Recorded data
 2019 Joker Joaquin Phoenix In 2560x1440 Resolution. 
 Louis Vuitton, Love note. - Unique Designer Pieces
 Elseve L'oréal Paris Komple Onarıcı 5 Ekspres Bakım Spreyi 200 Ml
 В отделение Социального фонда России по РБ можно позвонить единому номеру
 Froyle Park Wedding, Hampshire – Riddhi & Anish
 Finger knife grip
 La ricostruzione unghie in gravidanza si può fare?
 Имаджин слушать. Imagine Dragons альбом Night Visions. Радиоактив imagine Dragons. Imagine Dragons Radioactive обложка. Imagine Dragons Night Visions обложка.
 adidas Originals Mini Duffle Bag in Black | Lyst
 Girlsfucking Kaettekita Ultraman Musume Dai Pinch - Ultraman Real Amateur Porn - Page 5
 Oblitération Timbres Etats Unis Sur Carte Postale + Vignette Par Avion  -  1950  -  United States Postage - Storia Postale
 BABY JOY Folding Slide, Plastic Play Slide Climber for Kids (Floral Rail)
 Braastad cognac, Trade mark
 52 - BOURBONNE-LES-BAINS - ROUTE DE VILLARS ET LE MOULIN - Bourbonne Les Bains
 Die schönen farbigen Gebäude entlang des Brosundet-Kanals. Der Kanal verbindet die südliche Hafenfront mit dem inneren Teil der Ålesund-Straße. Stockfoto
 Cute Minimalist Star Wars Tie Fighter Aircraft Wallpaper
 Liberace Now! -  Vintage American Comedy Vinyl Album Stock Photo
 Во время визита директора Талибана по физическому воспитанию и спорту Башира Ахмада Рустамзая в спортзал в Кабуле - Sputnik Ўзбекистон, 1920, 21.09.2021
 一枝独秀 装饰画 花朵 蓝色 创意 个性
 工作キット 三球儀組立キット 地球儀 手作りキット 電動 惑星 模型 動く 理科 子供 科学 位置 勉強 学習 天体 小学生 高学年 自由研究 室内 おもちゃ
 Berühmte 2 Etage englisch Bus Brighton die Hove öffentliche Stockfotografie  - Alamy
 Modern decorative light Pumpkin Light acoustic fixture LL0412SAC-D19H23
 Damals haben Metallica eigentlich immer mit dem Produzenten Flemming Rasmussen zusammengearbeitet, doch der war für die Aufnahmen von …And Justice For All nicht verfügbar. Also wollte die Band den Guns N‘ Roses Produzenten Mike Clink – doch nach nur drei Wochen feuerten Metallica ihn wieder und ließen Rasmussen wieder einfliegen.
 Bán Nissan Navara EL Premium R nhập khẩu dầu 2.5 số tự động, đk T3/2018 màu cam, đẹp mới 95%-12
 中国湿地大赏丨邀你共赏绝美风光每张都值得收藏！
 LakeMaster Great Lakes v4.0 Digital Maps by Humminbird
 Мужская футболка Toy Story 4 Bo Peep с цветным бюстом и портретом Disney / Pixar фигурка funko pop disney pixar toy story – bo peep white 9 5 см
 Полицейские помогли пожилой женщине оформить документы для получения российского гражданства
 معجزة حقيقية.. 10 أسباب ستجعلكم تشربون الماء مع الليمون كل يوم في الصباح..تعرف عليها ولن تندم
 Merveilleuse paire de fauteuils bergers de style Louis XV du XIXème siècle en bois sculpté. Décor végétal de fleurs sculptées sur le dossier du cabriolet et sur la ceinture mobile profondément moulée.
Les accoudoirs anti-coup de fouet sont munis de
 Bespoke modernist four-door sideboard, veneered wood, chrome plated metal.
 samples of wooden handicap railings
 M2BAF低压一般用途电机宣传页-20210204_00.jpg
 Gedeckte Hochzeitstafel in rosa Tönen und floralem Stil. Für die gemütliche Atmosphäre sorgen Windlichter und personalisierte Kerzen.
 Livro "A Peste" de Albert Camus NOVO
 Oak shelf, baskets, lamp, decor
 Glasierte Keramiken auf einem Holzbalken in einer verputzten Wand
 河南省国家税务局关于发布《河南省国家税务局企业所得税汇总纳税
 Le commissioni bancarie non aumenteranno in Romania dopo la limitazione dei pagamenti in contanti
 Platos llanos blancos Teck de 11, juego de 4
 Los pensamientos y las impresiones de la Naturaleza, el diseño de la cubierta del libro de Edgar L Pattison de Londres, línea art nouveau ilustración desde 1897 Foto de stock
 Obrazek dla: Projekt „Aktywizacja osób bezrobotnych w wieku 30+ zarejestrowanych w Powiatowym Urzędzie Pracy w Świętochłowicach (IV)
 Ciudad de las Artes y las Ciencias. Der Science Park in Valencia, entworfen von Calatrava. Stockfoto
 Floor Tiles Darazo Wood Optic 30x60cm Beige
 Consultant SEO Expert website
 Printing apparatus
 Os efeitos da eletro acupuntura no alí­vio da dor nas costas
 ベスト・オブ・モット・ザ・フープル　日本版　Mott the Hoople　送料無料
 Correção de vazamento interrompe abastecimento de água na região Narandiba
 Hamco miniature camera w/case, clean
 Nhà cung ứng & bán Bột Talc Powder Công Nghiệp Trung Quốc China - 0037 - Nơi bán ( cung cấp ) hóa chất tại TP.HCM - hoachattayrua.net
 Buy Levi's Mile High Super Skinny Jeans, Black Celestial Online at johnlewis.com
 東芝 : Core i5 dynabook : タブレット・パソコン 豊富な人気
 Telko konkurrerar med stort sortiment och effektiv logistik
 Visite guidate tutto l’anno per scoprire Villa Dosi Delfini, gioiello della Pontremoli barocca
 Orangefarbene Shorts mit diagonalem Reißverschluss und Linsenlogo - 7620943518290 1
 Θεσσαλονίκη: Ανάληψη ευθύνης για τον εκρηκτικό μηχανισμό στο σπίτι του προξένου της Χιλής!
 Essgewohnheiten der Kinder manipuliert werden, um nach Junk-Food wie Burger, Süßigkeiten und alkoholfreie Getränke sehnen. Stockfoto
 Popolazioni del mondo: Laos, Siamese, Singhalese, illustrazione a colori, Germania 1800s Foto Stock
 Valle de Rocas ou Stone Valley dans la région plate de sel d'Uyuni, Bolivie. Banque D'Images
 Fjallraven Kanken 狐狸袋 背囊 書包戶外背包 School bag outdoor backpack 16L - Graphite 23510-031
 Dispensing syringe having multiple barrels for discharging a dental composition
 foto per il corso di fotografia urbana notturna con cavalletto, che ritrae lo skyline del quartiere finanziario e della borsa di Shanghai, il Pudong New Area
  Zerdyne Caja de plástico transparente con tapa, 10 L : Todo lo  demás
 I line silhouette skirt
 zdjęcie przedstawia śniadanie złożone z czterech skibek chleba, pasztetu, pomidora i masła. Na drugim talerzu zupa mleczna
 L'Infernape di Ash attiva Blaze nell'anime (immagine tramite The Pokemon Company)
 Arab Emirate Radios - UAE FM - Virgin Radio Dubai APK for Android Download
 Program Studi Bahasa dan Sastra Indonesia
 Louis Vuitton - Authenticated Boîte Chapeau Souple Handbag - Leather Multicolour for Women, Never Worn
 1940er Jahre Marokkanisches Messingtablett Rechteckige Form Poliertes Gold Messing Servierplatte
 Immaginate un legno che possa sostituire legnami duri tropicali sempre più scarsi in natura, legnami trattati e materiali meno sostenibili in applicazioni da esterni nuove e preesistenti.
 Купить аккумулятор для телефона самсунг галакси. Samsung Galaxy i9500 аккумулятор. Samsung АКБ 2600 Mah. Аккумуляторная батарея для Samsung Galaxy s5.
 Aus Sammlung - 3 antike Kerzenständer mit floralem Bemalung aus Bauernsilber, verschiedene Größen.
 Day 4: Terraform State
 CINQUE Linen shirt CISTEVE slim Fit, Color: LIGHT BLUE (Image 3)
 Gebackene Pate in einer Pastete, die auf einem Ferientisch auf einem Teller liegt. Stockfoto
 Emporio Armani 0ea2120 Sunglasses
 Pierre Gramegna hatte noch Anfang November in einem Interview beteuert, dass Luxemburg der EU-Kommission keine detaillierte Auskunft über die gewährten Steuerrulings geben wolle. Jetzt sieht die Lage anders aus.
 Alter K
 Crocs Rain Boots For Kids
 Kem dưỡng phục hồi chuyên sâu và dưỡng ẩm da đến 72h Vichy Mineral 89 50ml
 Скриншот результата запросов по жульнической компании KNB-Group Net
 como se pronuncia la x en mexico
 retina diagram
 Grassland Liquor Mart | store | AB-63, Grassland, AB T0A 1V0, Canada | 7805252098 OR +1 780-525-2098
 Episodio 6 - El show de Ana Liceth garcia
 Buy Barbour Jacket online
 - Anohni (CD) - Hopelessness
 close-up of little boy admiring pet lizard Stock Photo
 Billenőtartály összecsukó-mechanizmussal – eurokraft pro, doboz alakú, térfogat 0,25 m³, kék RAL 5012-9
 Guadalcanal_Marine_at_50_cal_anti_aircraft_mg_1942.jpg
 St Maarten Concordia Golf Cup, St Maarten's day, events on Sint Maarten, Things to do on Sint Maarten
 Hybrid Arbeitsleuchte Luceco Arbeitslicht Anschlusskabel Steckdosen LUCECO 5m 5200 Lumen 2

WHAT IS BEING ASKED: All that belongs in the answer is the lines from the start of the entries above through the line containing "В отделение Социального", each given exactly.

COMPLETED EXERCISE:
 2019 Joker Joaquin Phoenix In 2560x1440 Resolution. 
 Louis Vuitton, Love note. - Unique Designer Pieces
 Elseve L'oréal Paris Komple Onarıcı 5 Ekspres Bakım Spreyi 200 Ml
 В отделение Социального фонда России по РБ можно позвонить единому номеру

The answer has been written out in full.